Patonga to Wondabyne

 

Date:   Sunday 17th April 2015

Track:   For the most part, the track follows the old Great North Road. It’s hilly, and rocky or sandy mostly, sometimes muddy, partly along dirt roads. The total length is 18 kilometres. There are some very well made sections, with wonderfully wrought stairs. Mostly, though, it’s a rough going, with some high step-ups and step-downs. Many sections cross broad, fascinatingly patterned rock platforms. It’s a steep, scrambling descent to Wondabyne Station. Overall grade medium to hard.

Weather:   Overcast, around 20 degrees C for most of the day. Very humid. Rain for the last hour. Just as the rain started, we had the wits scared out of us by a lightning strike somewhere close to us. The bush all around was suddenly suffused by bright shimmering light, followed immediately by a horrifyingly loud, prolonged peal of thunder!

Access:   Diana and I travelled by train to Hawkesbury River Station, where we met up with the others who had driven to Brooklyn. We had booked a water taxi to take us across the Hawkesbury and downstream to sleepy Patonga, a 20 minute trip, $120 for the four of us.

At the end of the walk, we emerged out of the bush onto a very picturesque reach of the Hawkesbury, at Wondabyne Station. It’s only one carriage-length long, and you have to flag down the train if you want to get on.

If you want to do the walk the other way, you have to tell the train guard that you want you get off at Wondabyne, or the train doesn’t stop.

Roger and Daniel travelled only one stop, back to Hawkesbury River Station, to pick up their cars. Diana and I rested our weary bones and enjoyed the scenery all the way to Central Station.

Who:   Peter, Diana, Roger, Daniel

Duration:   About seven and a half hours, with plenty of breaks. It would be hard to go much faster, but the views towards Broken Bay, the rock formations and the diversity of plants, all quite unspoiled make one disinclined to hurry anyway.

Comments:   I highly recommend travelling by train. It’s very relaxing, and the line passes through some beautiful scenery. Far better than spoiling a lovely walk by having to negotiate Sydney roads!
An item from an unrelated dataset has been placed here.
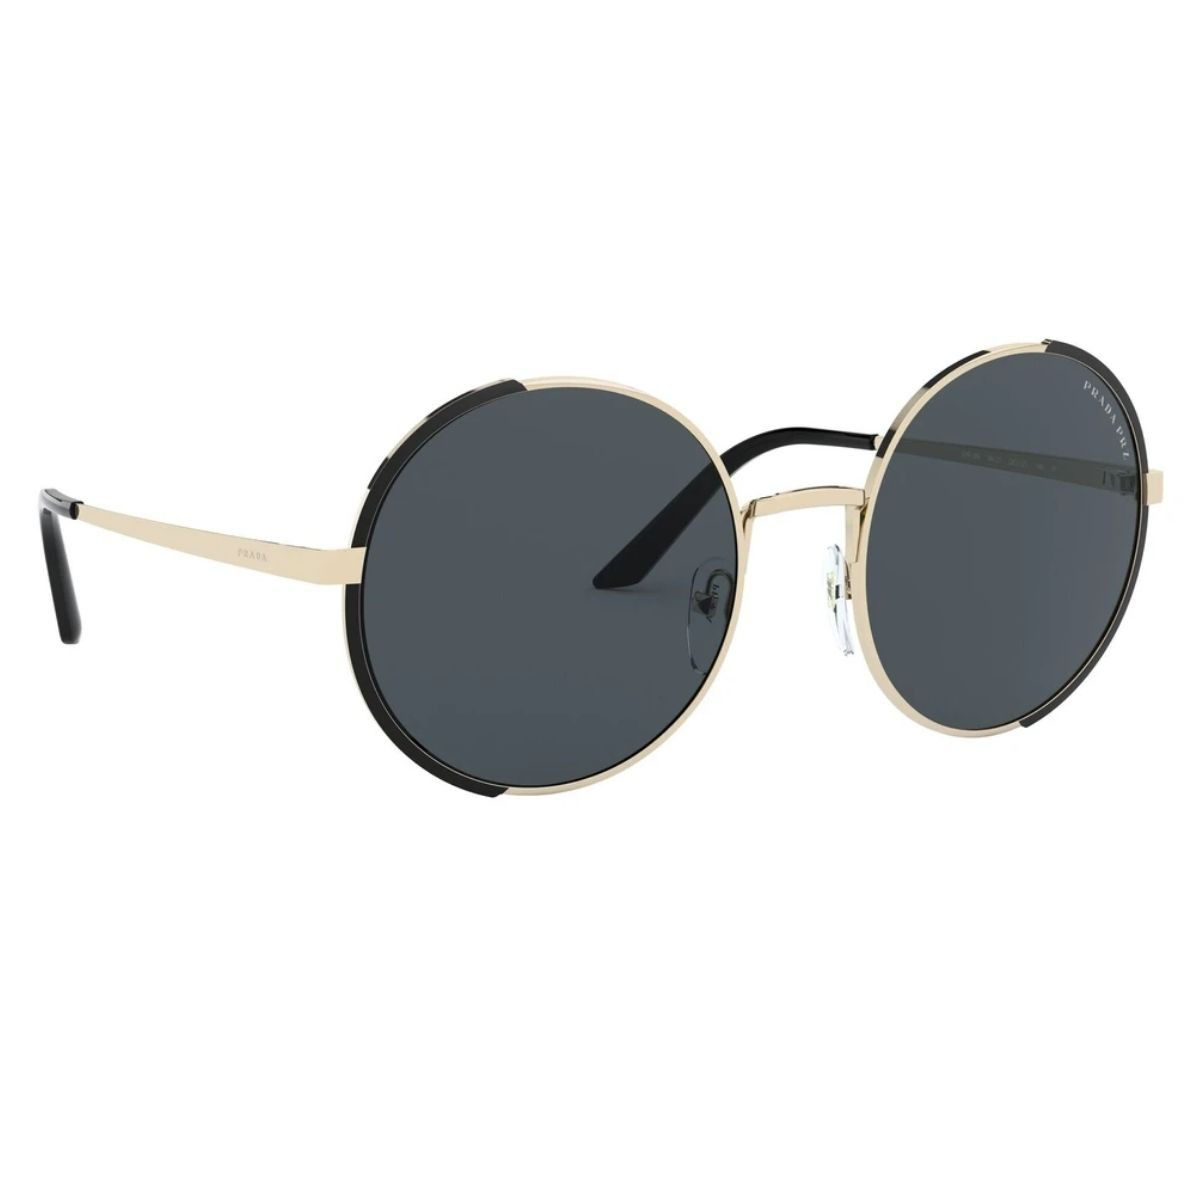 Óculos de Sol Feminino Prada SPR 59X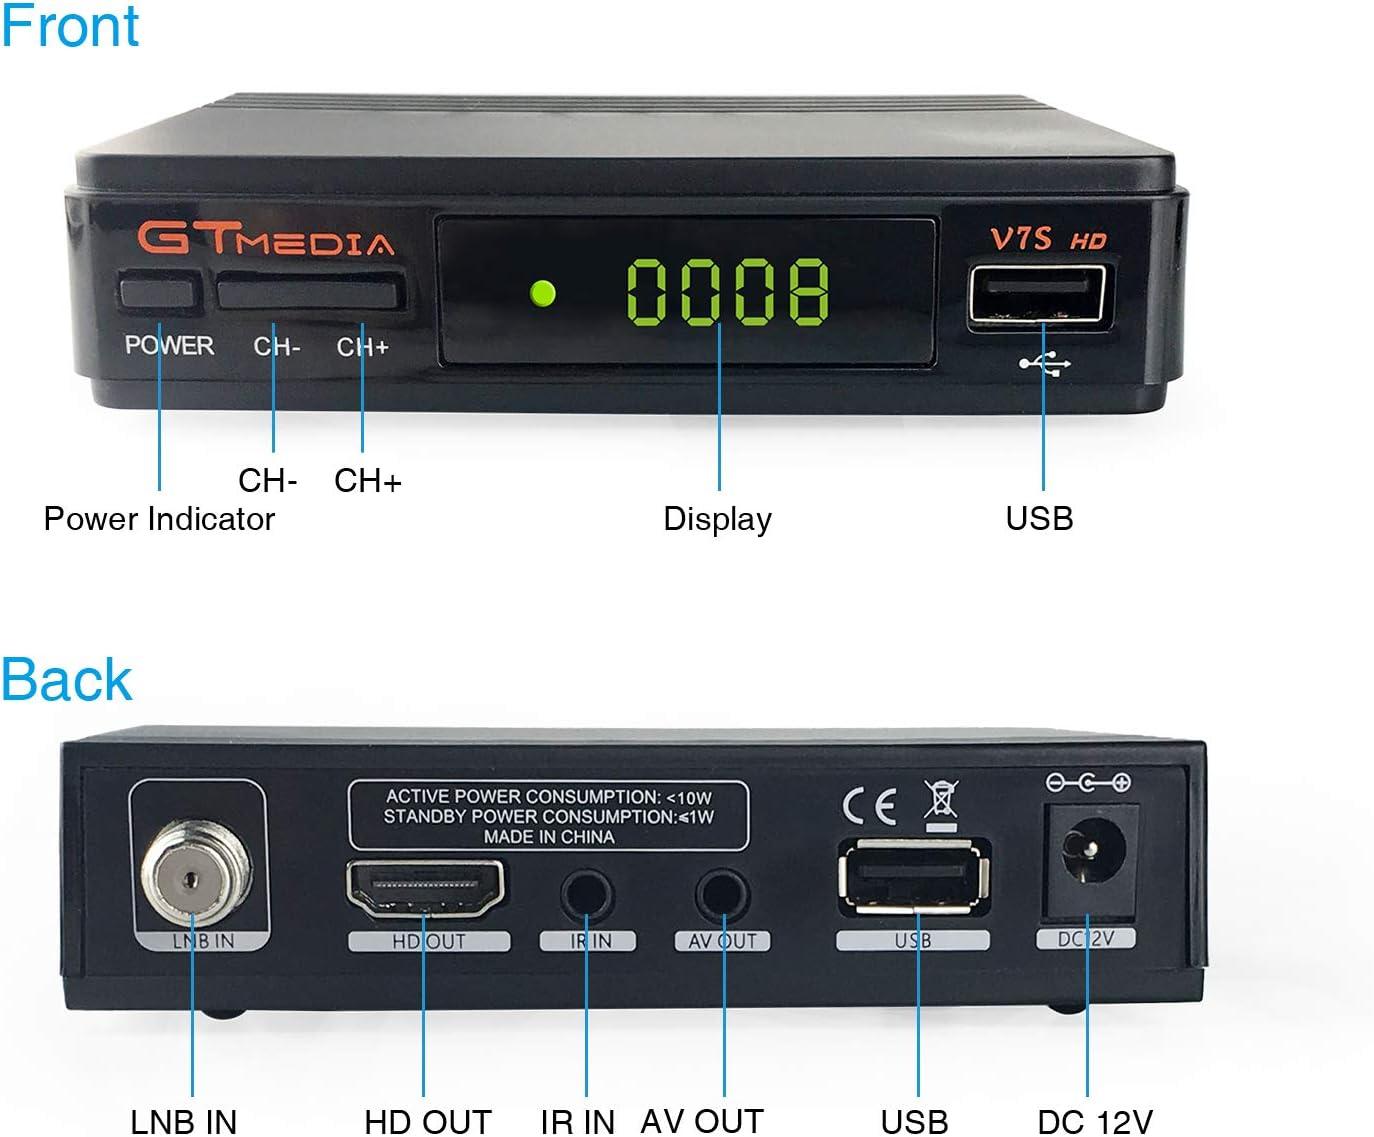 GT MEDIA V7S HD Receptor Satélite DVB-S/S2 Decodificador de TV por ...

Brooklyn is a pleasant secluded township, with a decent pub and good fish and chips! We had an excellent coffee at Patonga before setting out.

The water taxi may sound expensive, but it’s really the only option. It’s cheaper per person for bigger groups: $100 for first 2 passengers, then $10 each for the rest.

Wondabyne Station is just a siding, perched on the bank of the Hawkesbury. A cheerful station attendant was there to greet us (or perhaps just a helpful local), who lived across the river and rowed across to  the station.

The vegetation along the track was diverse and constantly changing. at the Patonga end we passed through cabbage tree palms (Livistona australis), tree ferns, grass trees (Xanthorhea) and cycads among the magnificent mature gum trees (angophora and scribbly gum mostly). There were abundant banksias, of various kinds, grevilleas, acacias, lambertia, bacon-and-egg, hakeas, shrubby casuarinas, ti-trees and, of course, numerous plants I couldn’t identify. At one point the track was fringed by carnivorous sundews (Drosera), like sea anemones, sparkling with water droplets on their prehensile tendrils.

At our morning tea stop, alongside a little cascade trickling over a broad rocky overhang, we came across some some aboriginal spear-rubbings. The rock platforms along the ridges are fascinating, pocked and scored with meandering erosion lines, patterned with streams of darker stone, sculpted, rounded and smoothed by eons of the passage of water. In shallow depressions, where silt has gathered and moss has grown, stunted casuarinas grow like natural bonsai gardens.

There were numerous birds, including New Holland honeyeaters, fantails, wattle birds and one brown cuckoo dove. We were surrounded by birdcalls, some identifiable, some not, but the bush was so dense we often couldn’t see the birds. Sadly, we also came across a recently deceased big handsome blue-tongue lizard.